• **TASK TO CARRY OUT**:
Output the listing word for word, minus pictures.

• **DATA SECTION**:

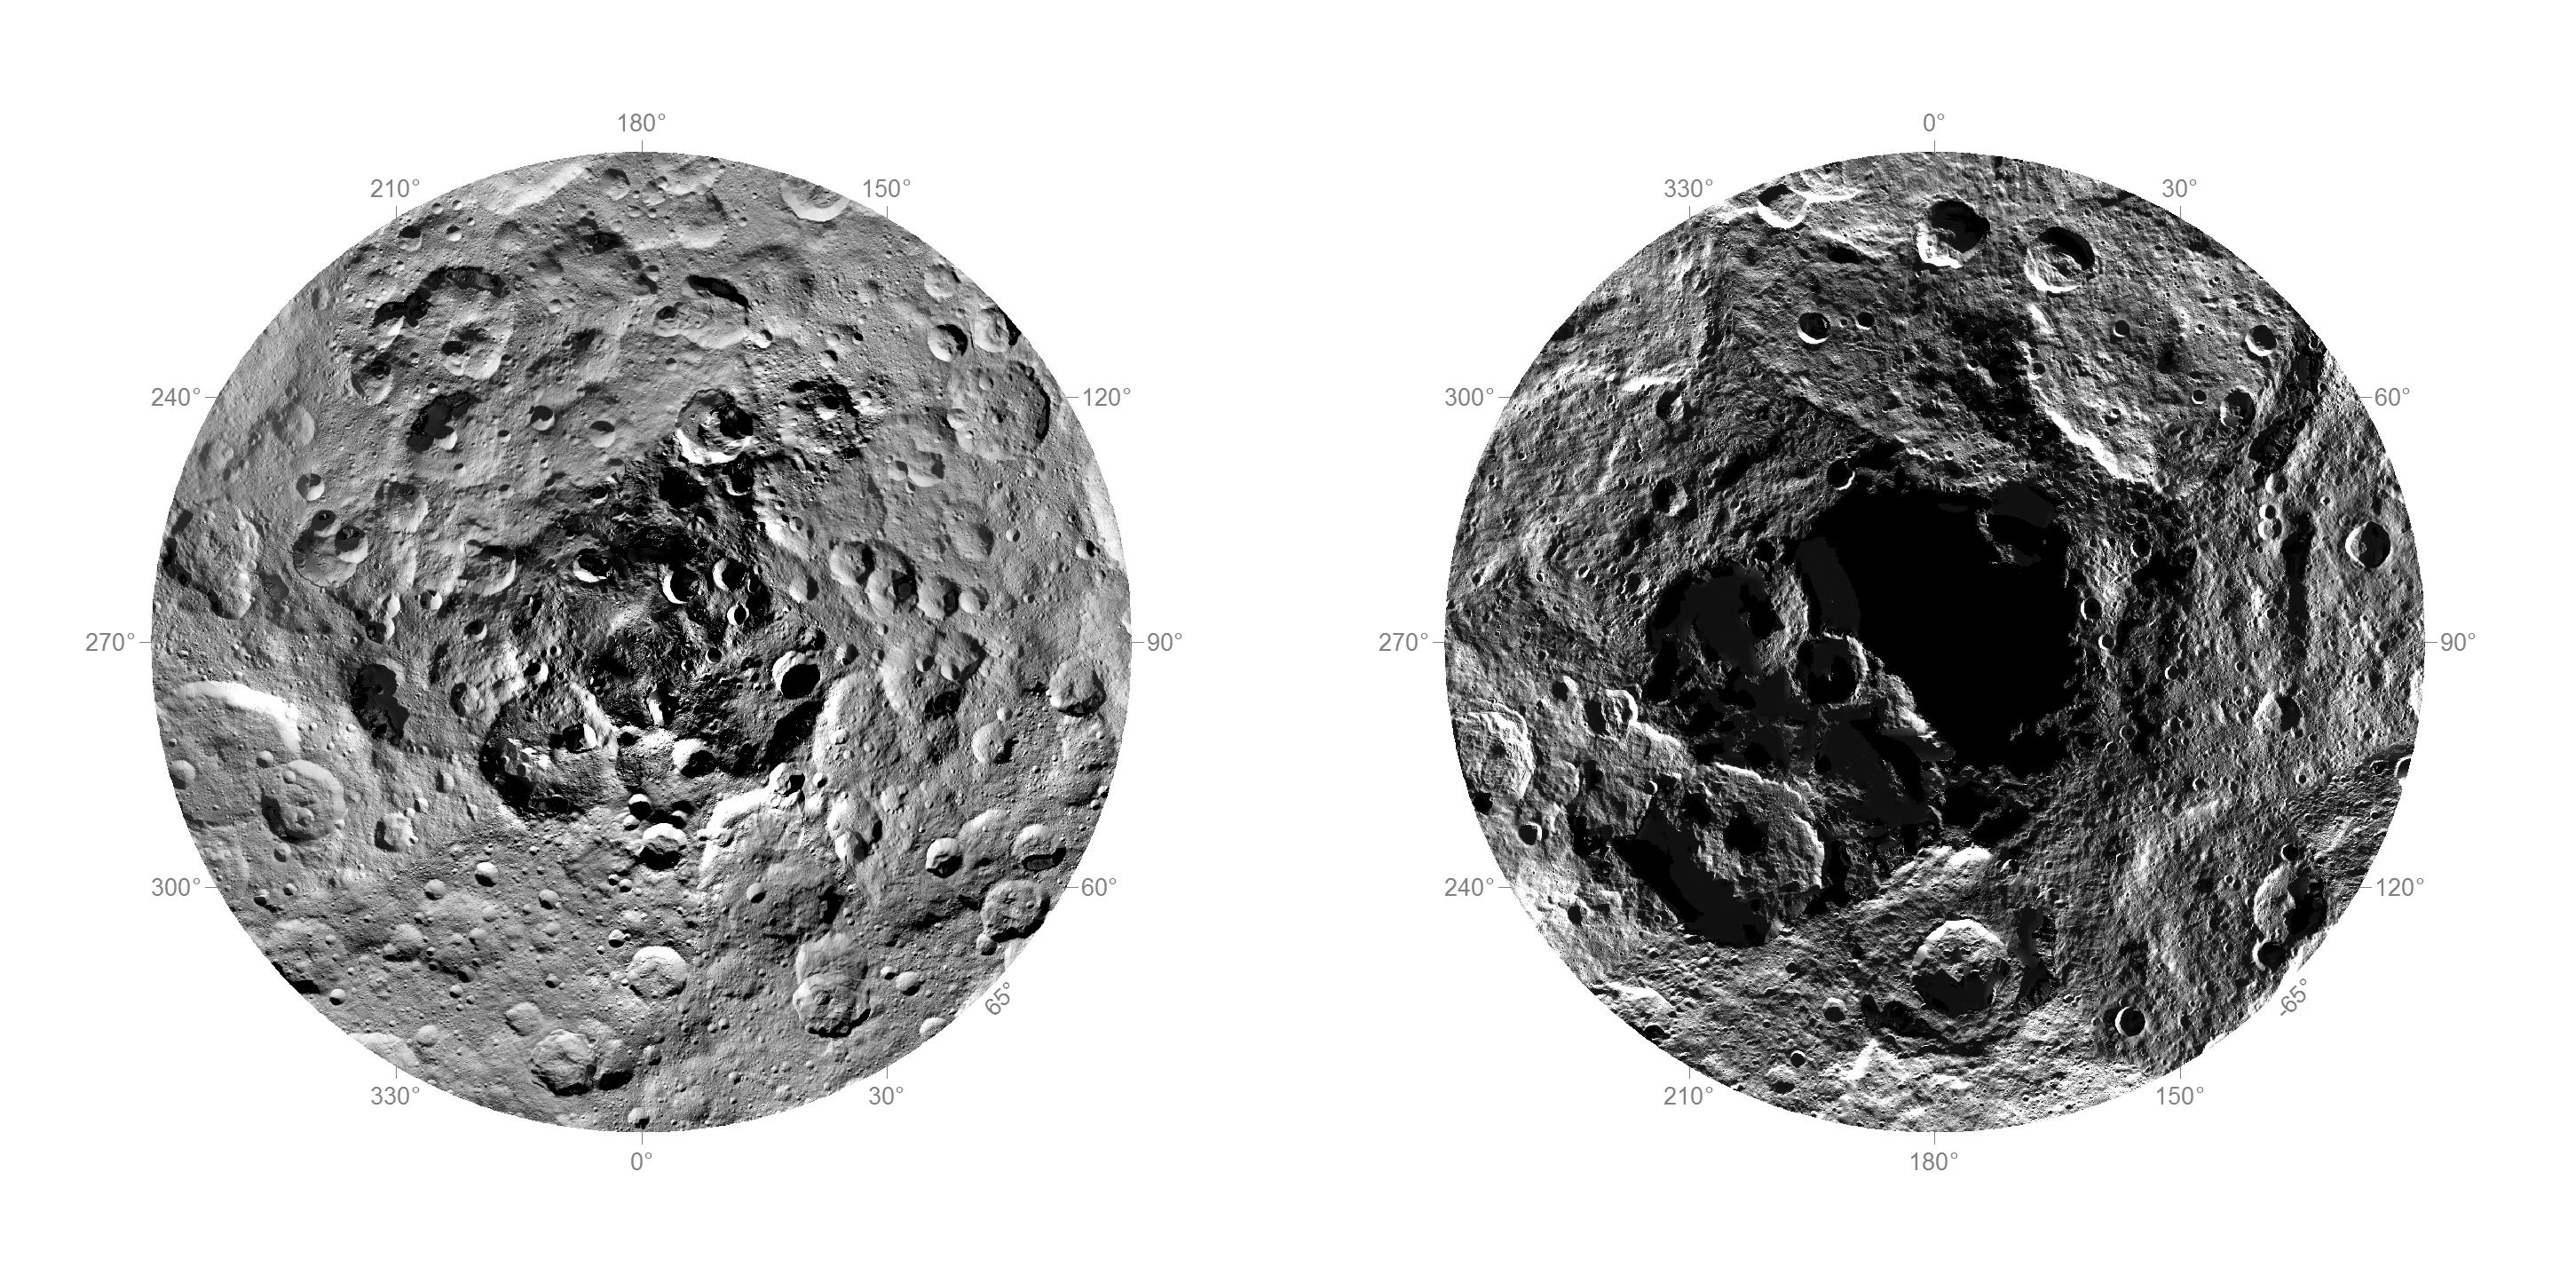 Researchers from NASA's Dawn mission have composed the first comprehensive views of the north (left) and south pole regions (right) of dwarf planet Ceres, using images obtained by the Dawn spacecraft.
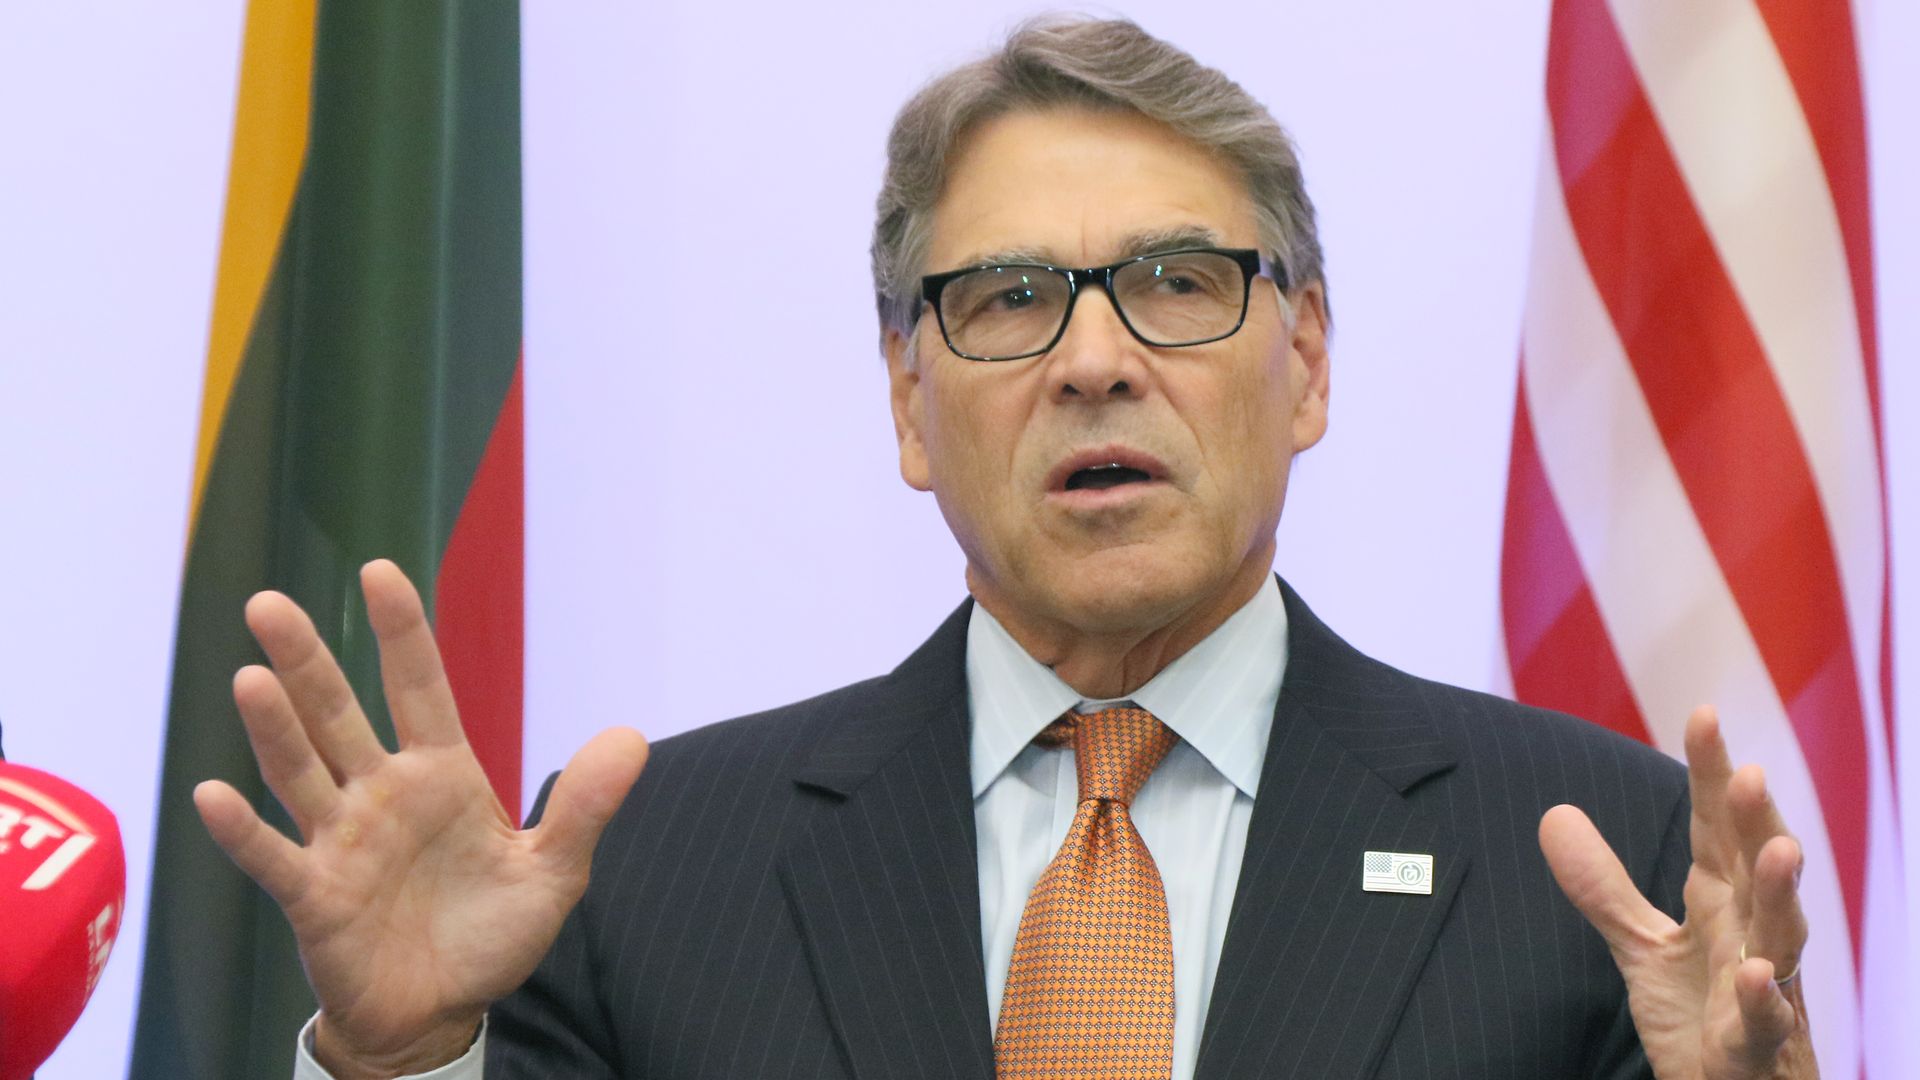 Secretary of Energy Rick Perry delivers a statementduring a meeting in Vilnius, Lithuania
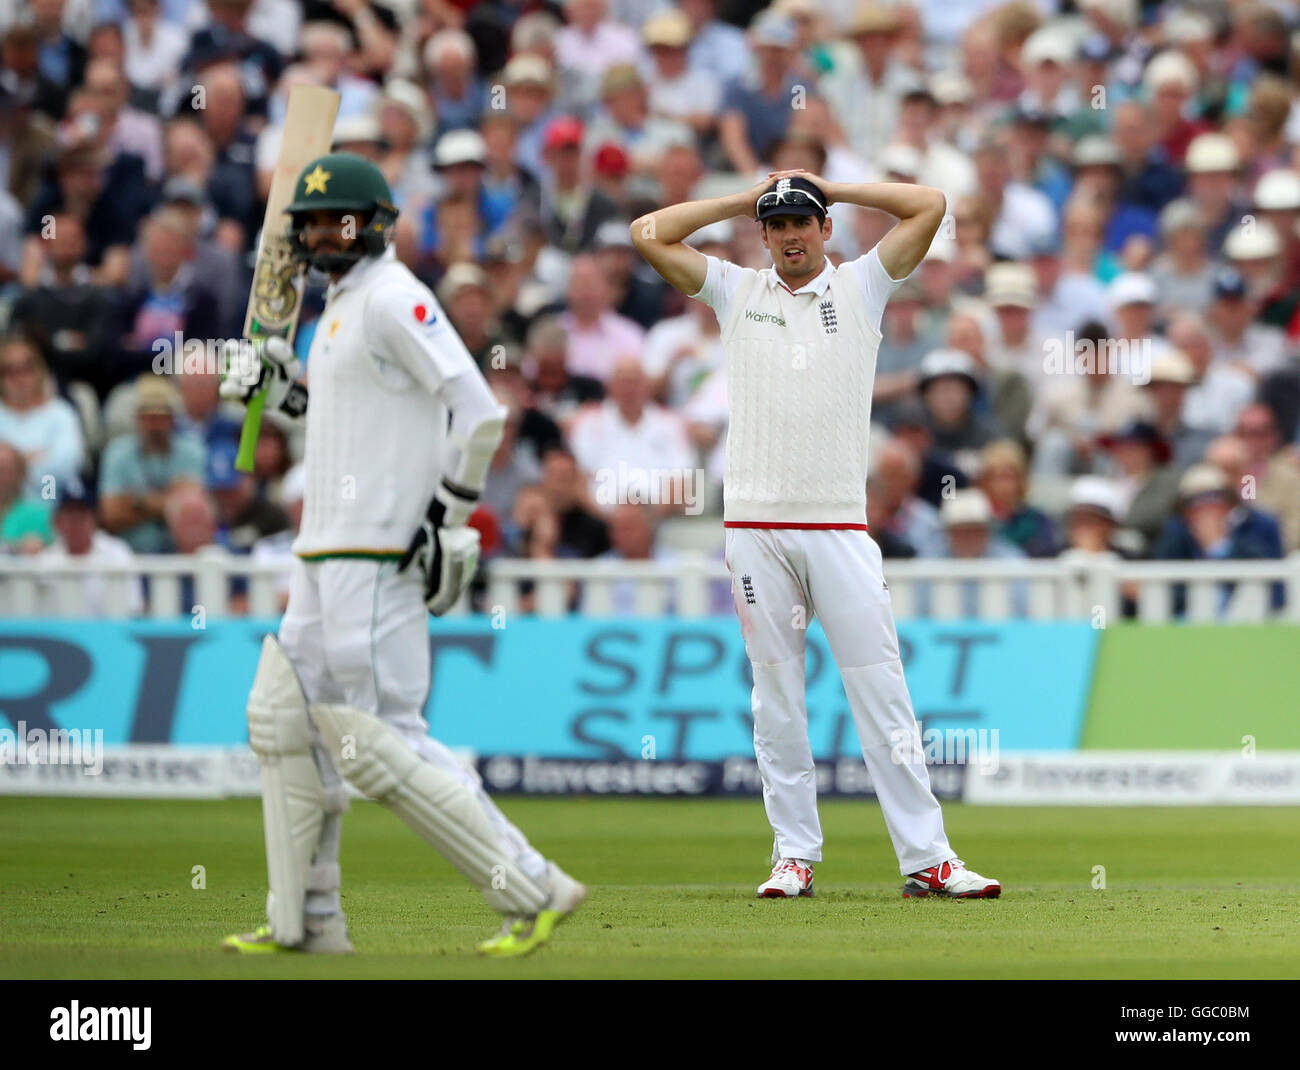 England captain Alastair Cook shows his dejection as Pakistan batsman Azhar Ali adds to his score during day two of the 3rd Investec Test Match at Edgbaston, Birmingham. Stock Photo
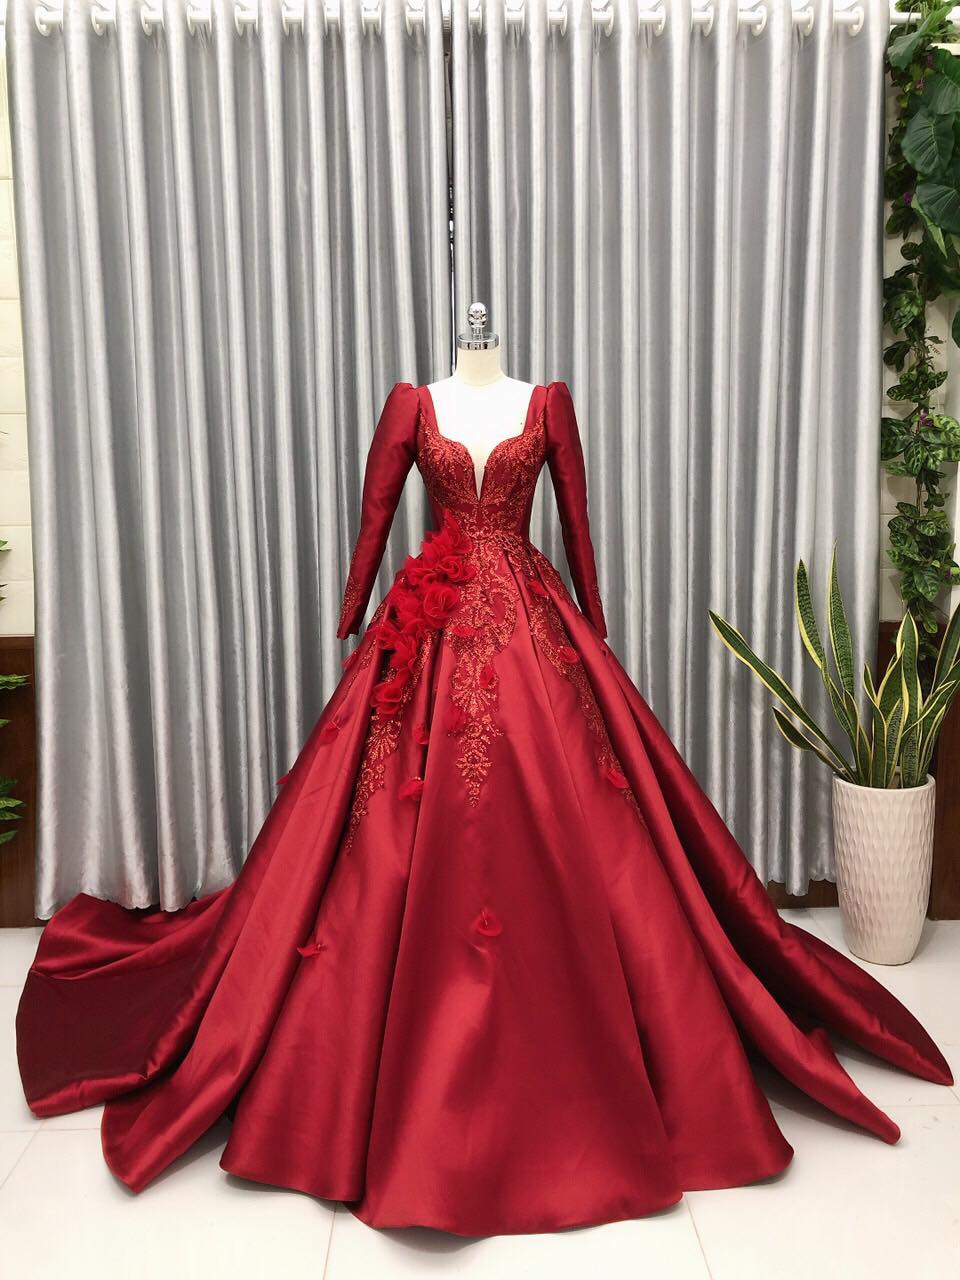 Extravagant red satin gown wedding/prom dress with red flower and glitter details

• **OUTPUT FOR THIS TASK**:
 Researchers from NASA's Dawn mission have composed the first comprehensive views of the north (left) and south pole regions (right) of dwarf planet Ceres, using images obtained by the Dawn spacecraft.
 Secretary of Energy Rick Perry delivers a statementduring a meeting in Vilnius, Lithuania
 England captain Alastair Cook shows his dejection as Pakistan batsman Azhar Ali adds to his score during day two of the 3rd Investec Test Match at Edgbaston, Birmingham. Stock Photo
 Extravagant red satin gown wedding/prom dress with red flower and glitter details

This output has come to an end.